Finally, I am able to make my contribution to Simon and Harriet’s Muriel Spark Reading Week! I always feel like I should have stronger reactions to Spark’s books, which is part of why it has taken me most of this week to finally get around to posting. Her books are fascinating and inventive and suitably thought-provoking but I’ve never really clicked with any of them. I always finish each book thinking how well-crafted it was rather than how much I enjoyed that. There are certainly worse responses one can have but it is not a particularly satisfying way to feel. With the exception of The Prime of Miss Jean Brodie, there has never been a moment where Spark has engaged me emotionally and I’ve never felt particularly eager to reread any of her books. Spark has a sense of humour I enjoy and I appreciate that she feels no need to create likeable characters (I can’t think of any in the six of her books that I’ve read) but I can’t quite put my finger on why I feel so coolly towards her.
Spark’s books are generally a touch bizarre and Loitering with Intent is no exception.
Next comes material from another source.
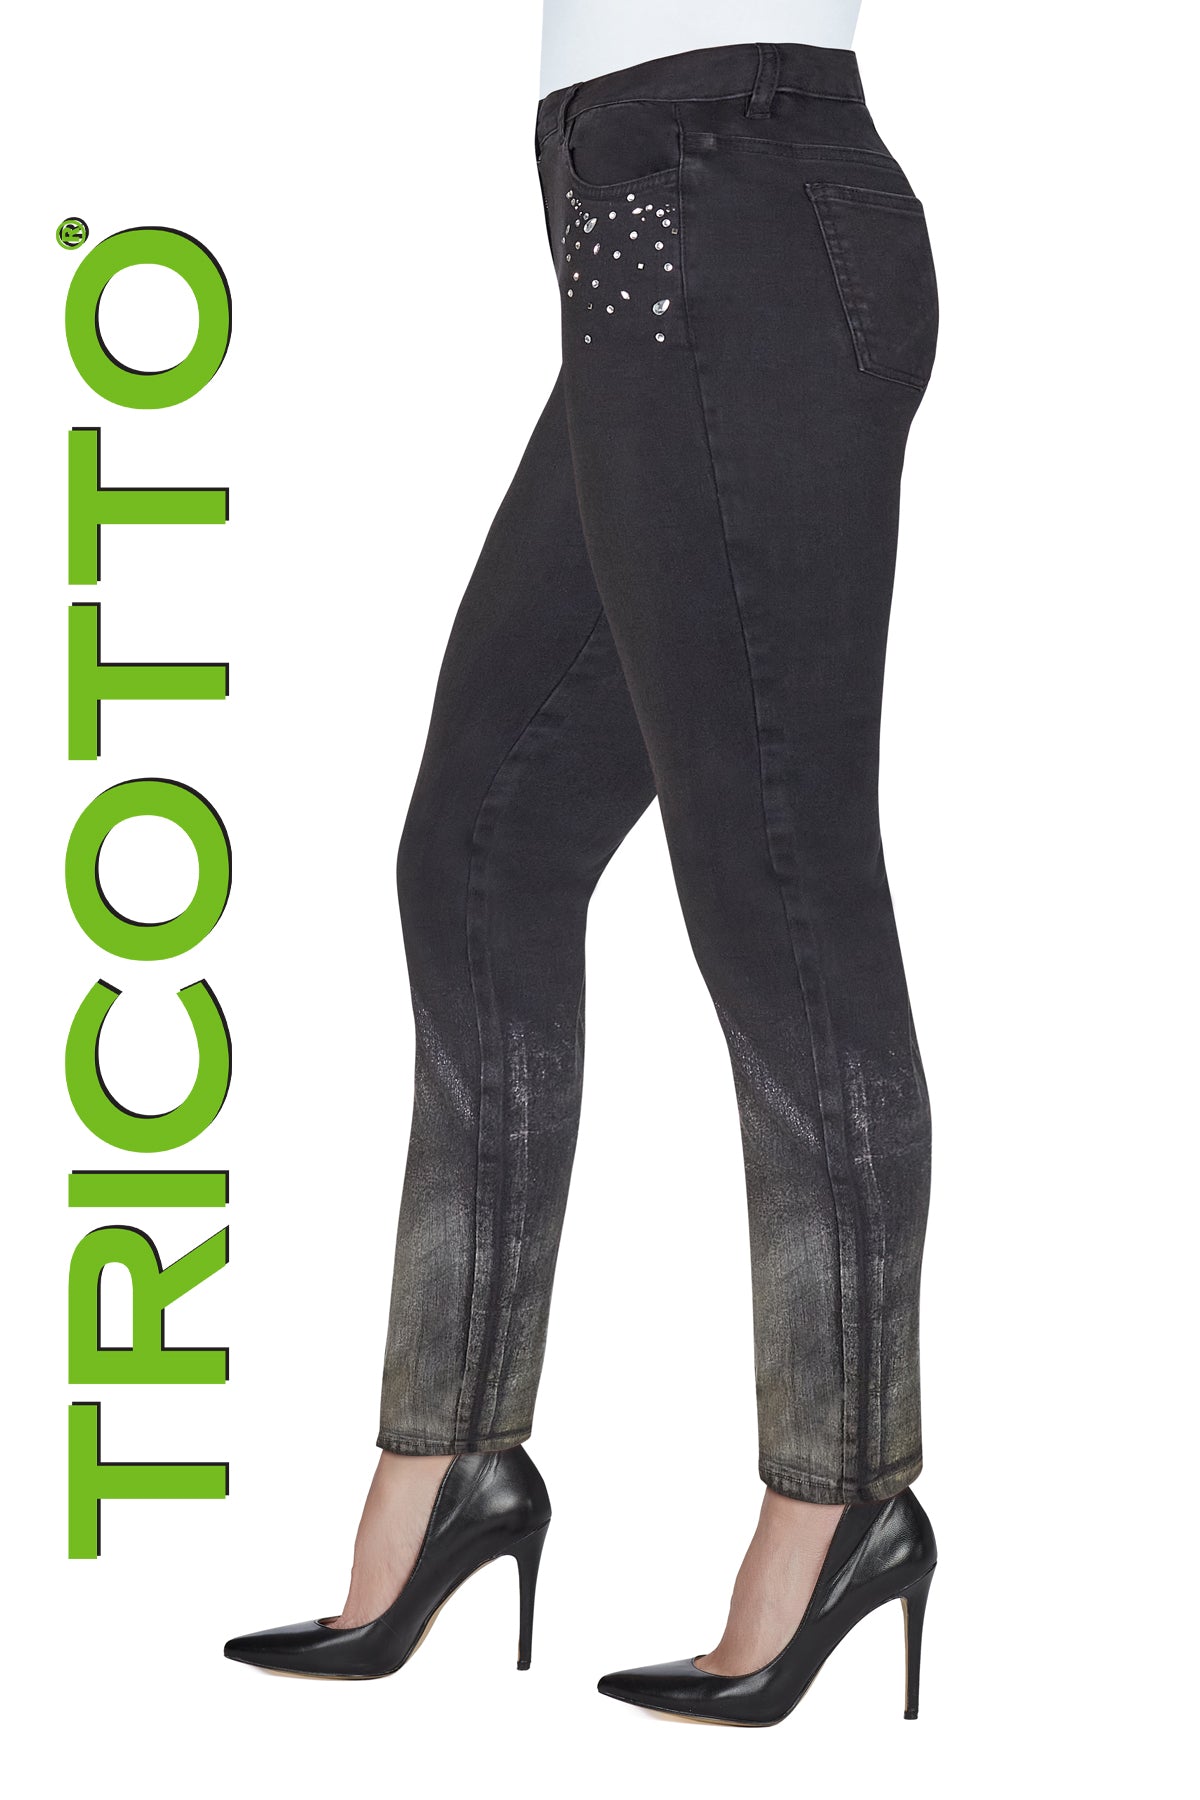 Tricotto Black Jeans-Buy Tricotto Jeans Online-Tricotto Clothing Montreal-Online Denim Shop-Black Jeans

Fleur Talbot, aspiring poetess and novelist, finds herself employed by the shady Sir Quentin Oliver as secretary for his Autobiographical Association, a group of dull but august persons intent on writing about their lives in as illiterate a manner as they are capable. Fleur is hired to ‘polish’ these manuscripts, “to rectify any lack or lapse in form, syntax, style, characterization, invention, local colour, description, dialogue, construction, and other trivialities.” As she is drawn into the association and gets to know its members, all captivated by the mesmerizing Sir Quentin and easily cowed by his judgements, it does not take long for her to notice the eerie parallels between her new acquaintances and the characters in her first novel, Warrender Chase. And what is even more bizarre is how, long after the novel is finished, events keep unfolding exactly as she had written them.
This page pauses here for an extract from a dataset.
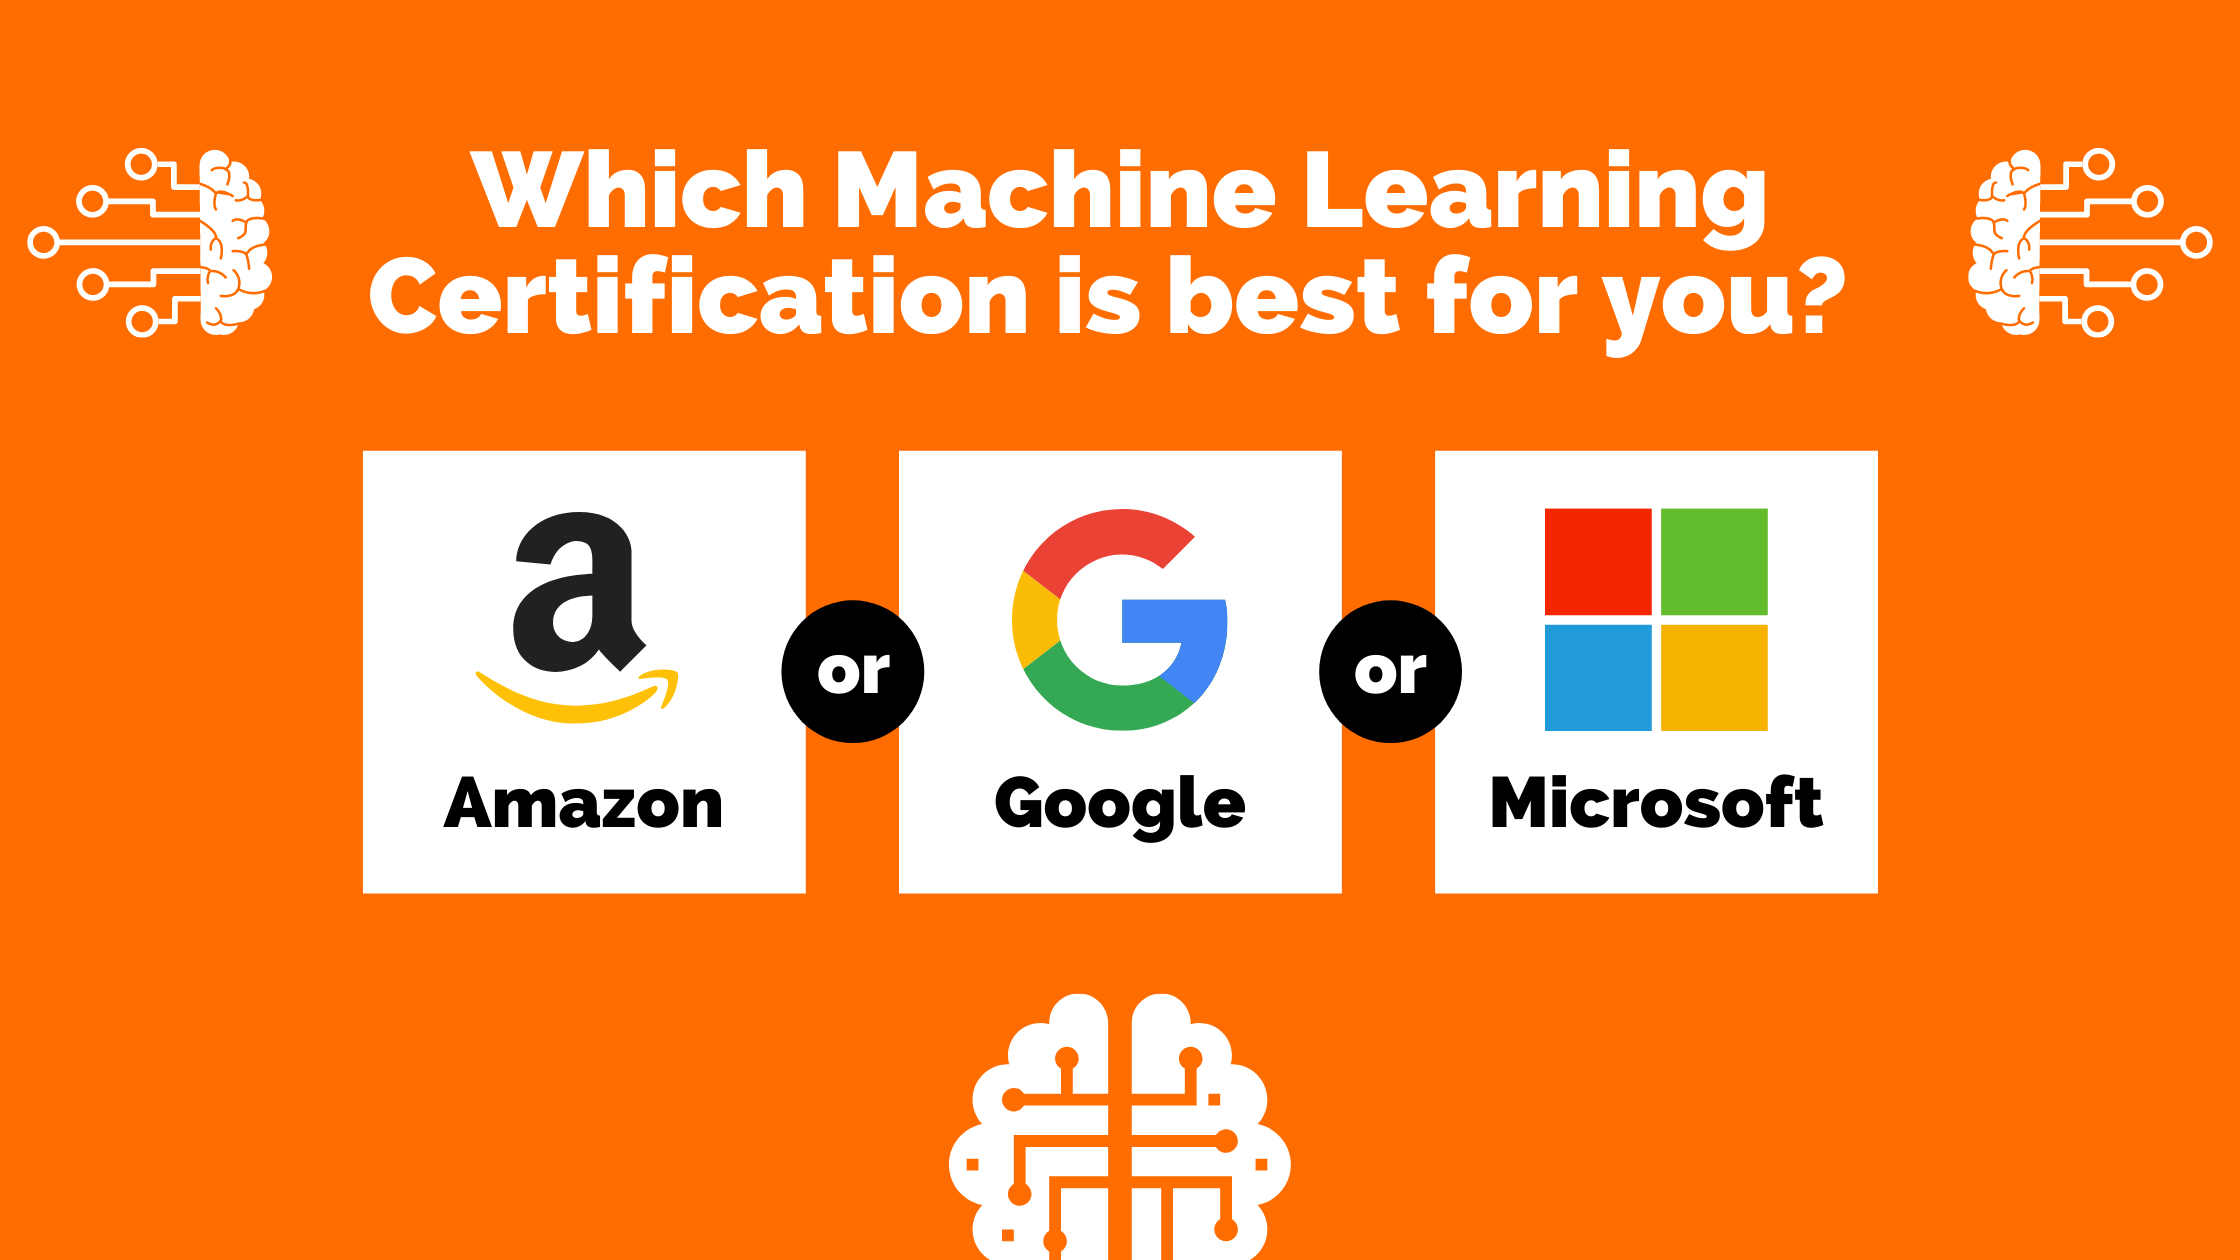 Best Machine Learning Certification

Part of the charm of the book is how completely awful all of the characters are. They are each, in their way, repellent and that is what makes them so appealing. Sir Quentin is the most repellent and, it necessarily follows, the most fascinating. He is comically snobbish and criminally manipulative and I wish there had been more of him. Fleur, with her single-minded focus on the fate of her novel, is equally selfish but rather less interesting to me. This is a bit of a problem since the entire novel is narrated from her point of view, from her perspective as an older, established author looking back on her beginnings. That premise itself of course begs questions about how reliably she is relating her own history: is this what really happened, or has she taken the same liberties with her own autobiography as she did when she was ‘improving’ the autobiographies of the members of the association? Are the allegations of plagiarism as unfounded as she claims?
Like any Spark novel, the best thing about Loitering with Intent is all the questions it leaves you pondering long after you’ve finished reading. Spark is not a simple author and the real benefit from her books comes in the days and weeks after you’ve closed the cover, when you’re left remembering a certain character or wondering if there was more to the story than you’d originally thought.